Disputes Regarding Price Adjustment and Earn-Out Mechanisms
Jennifer Permesly discussed purchase price disputes and earn-out mechanisms and provided an update on the experience from New York regarding dispute resolution processes involving accounting firms versus the traditional arbitration practice. As Ms. Permesly noted, purchase price adjustment clauses play a key role in corporate disputes and are designed to ensure that the buyer will get that which they bargained for. In this sense, price adjustment clauses are predicated on the provision of a reference balance sheet at the beginning of a deal (which will serve as a target for the transaction) and a closing balance sheet (against which price adjustments will be made).
As Jennifer noted, some of these disputes pertain exclusively to mathematical and accounting issues while other disputes involve truly legal issues that require a determination fully comporting with due process.
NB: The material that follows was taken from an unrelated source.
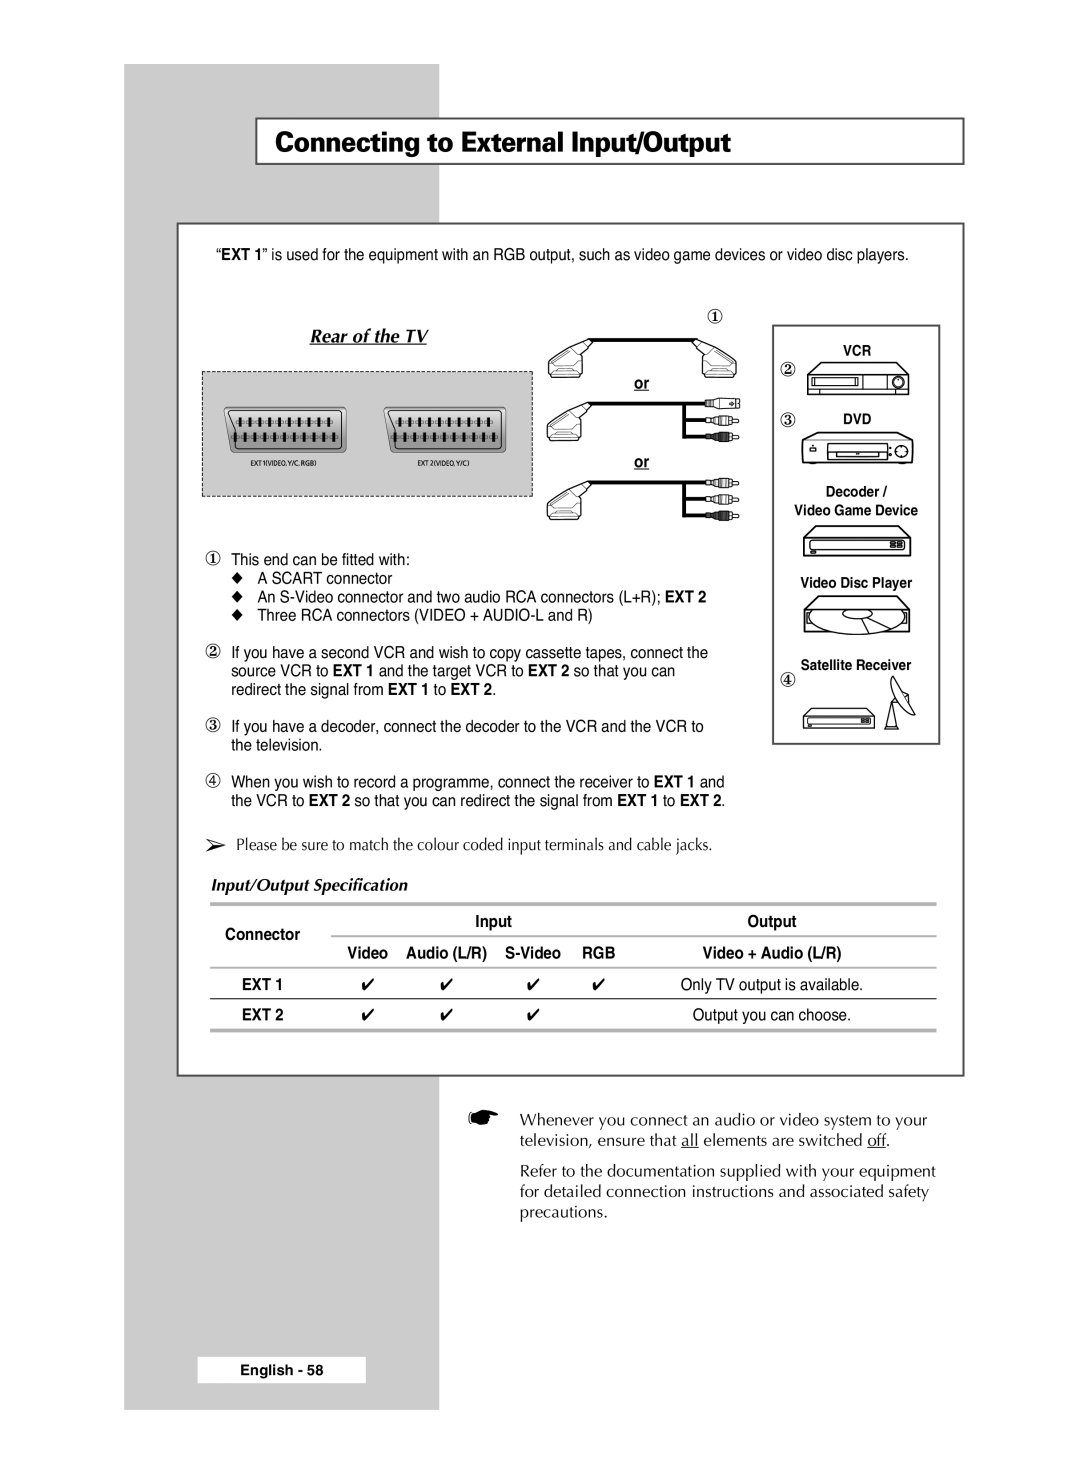 Samsung PS-42S5S manual Connecting to External Input/Output, Rear of the TV, Input/Output Specification 
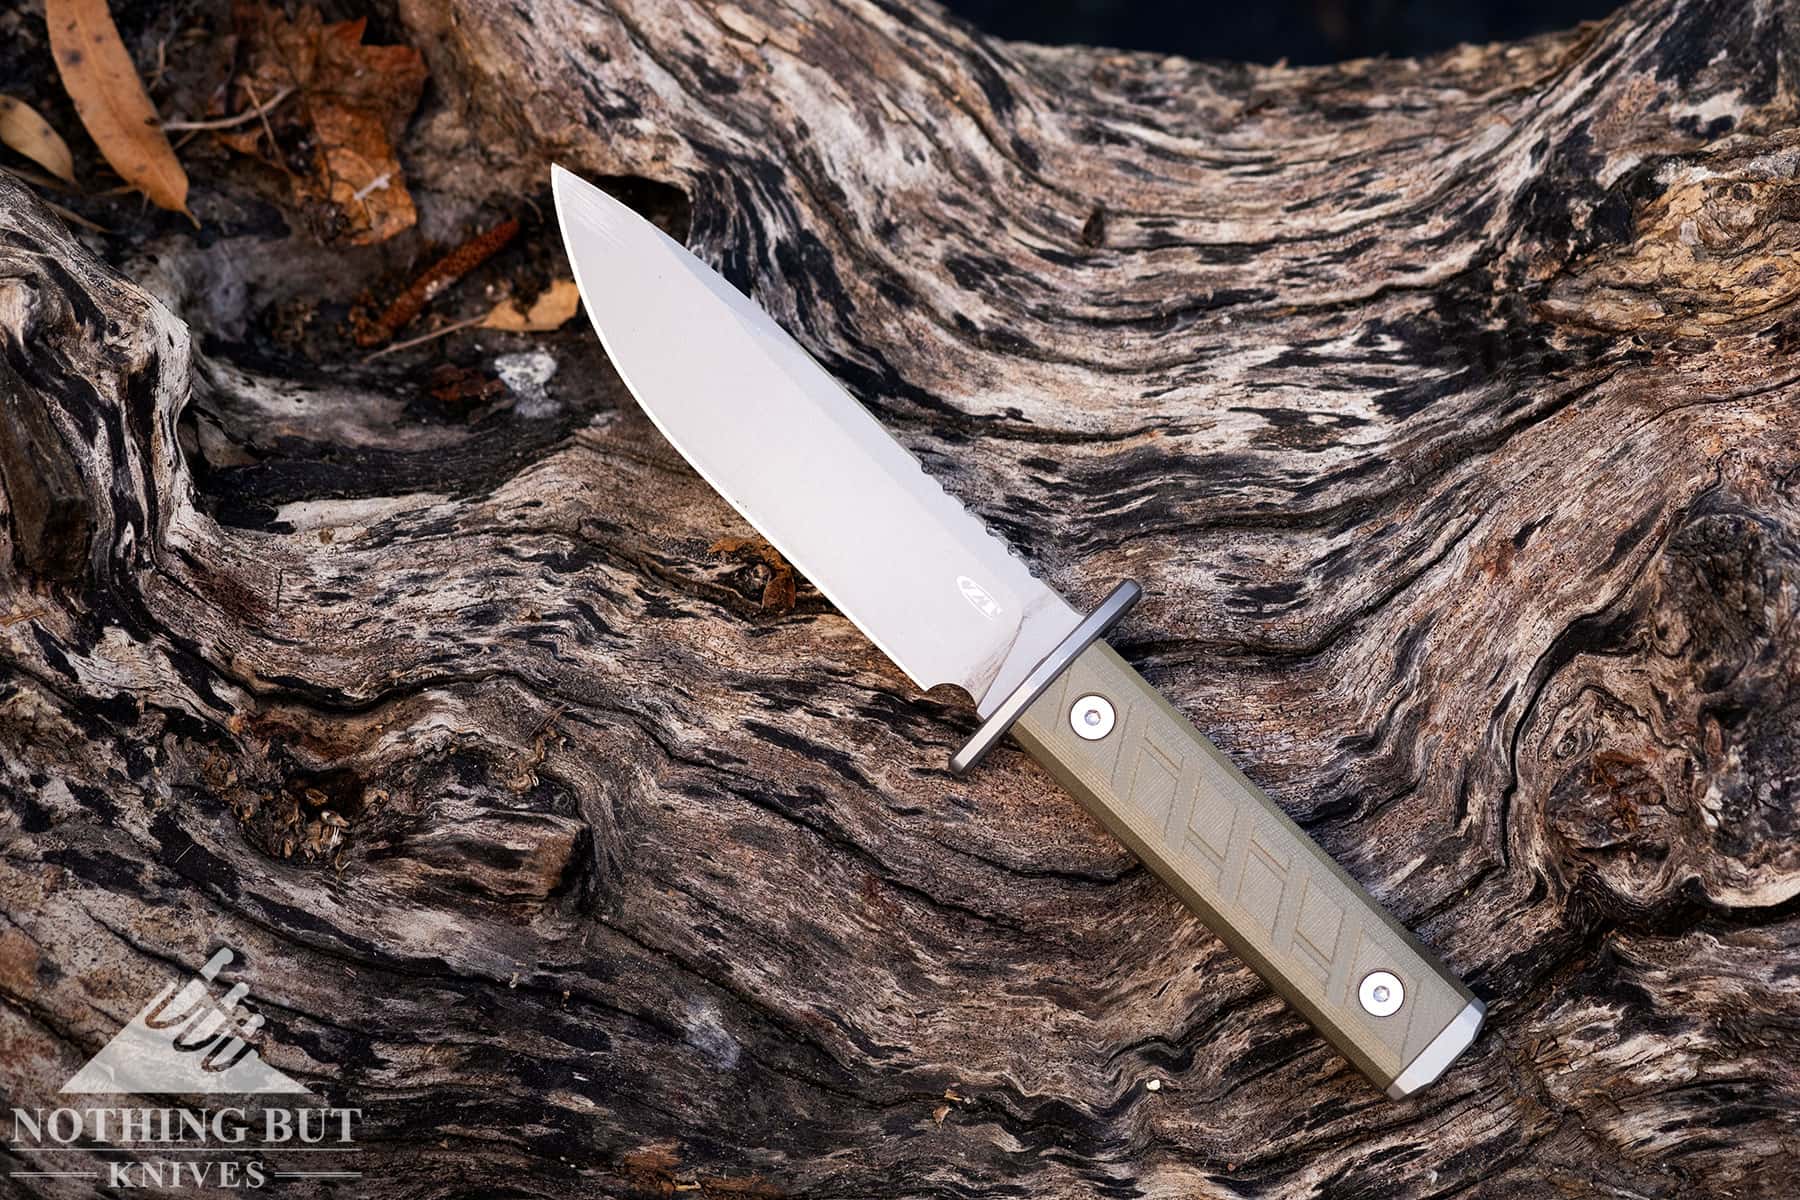 The Zero Tolerance 0006 fixed blade knife sitting on weathered wood outdoors.

In her experience, where the disputes involve solely accounting issues, it is sensible to appoint accountants as decisionmakers without having to proceed down the path of a full arbitration. This, Jennifer explains, is common practice in New York, where Article 76 of the Civil Practice Law and Rules specifically provides for expert determination as a mechanism for the resolution of disputes of this nature (for further details please see New York City Bar’s report titled “Purchase Price Adjustment Clauses And Expert Determinations” dated June 2013). Ms. Permesly further notes that a threshold question is whether the dispute is an “accounting-type” dispute (for which an accountant might be best suited to resolve) or a “legal-type” dispute (for which a lawyer and experienced arbitrator may be best positioned to resolve).
Another relevant consideration, particularly in a cross-border scenario, is that an expert decisionmaker that does not qualify as an arbitrator will not render a decision that is enforceable under the New York Convention, but the flip side is that this decision will also not be subject to review in accordance with the standards of the New York Convention. As such, while enforcement outside of the United States may be harder to achieve (by virtue of an expert determination not qualifying as a “convention award”), where the potential enforcement is focused on the United States (or its equivalent under Brazilian law), this may be a viable alternative to traditional arbitration that may reduce or narrow the scope of potential disputes that will be referred to arbitration.
Conclusions
As the panel discussions made clear, to incorporate wholesale practices and procedures originated in Anglo-Saxon law without the proper technical and taxonomical equivalency under Brazilian law is a recipe for disaster. Conversely, to ignore that M&A transactions following the American model have become the global practice is a short path for Brazil to find itself in economic isolation. Somewhere between these two extremes lies a generation of Brazilian transactional and dispute practitioners fully committed to finding efficient dispute resolution mechanisms fully consistent with Brazilian law and à mode brésilienne. The key, as is usually the case in legal affairs, is to perform a technically sound review of the applicable legal concepts and in line with the economic objectives that they seek to regulate.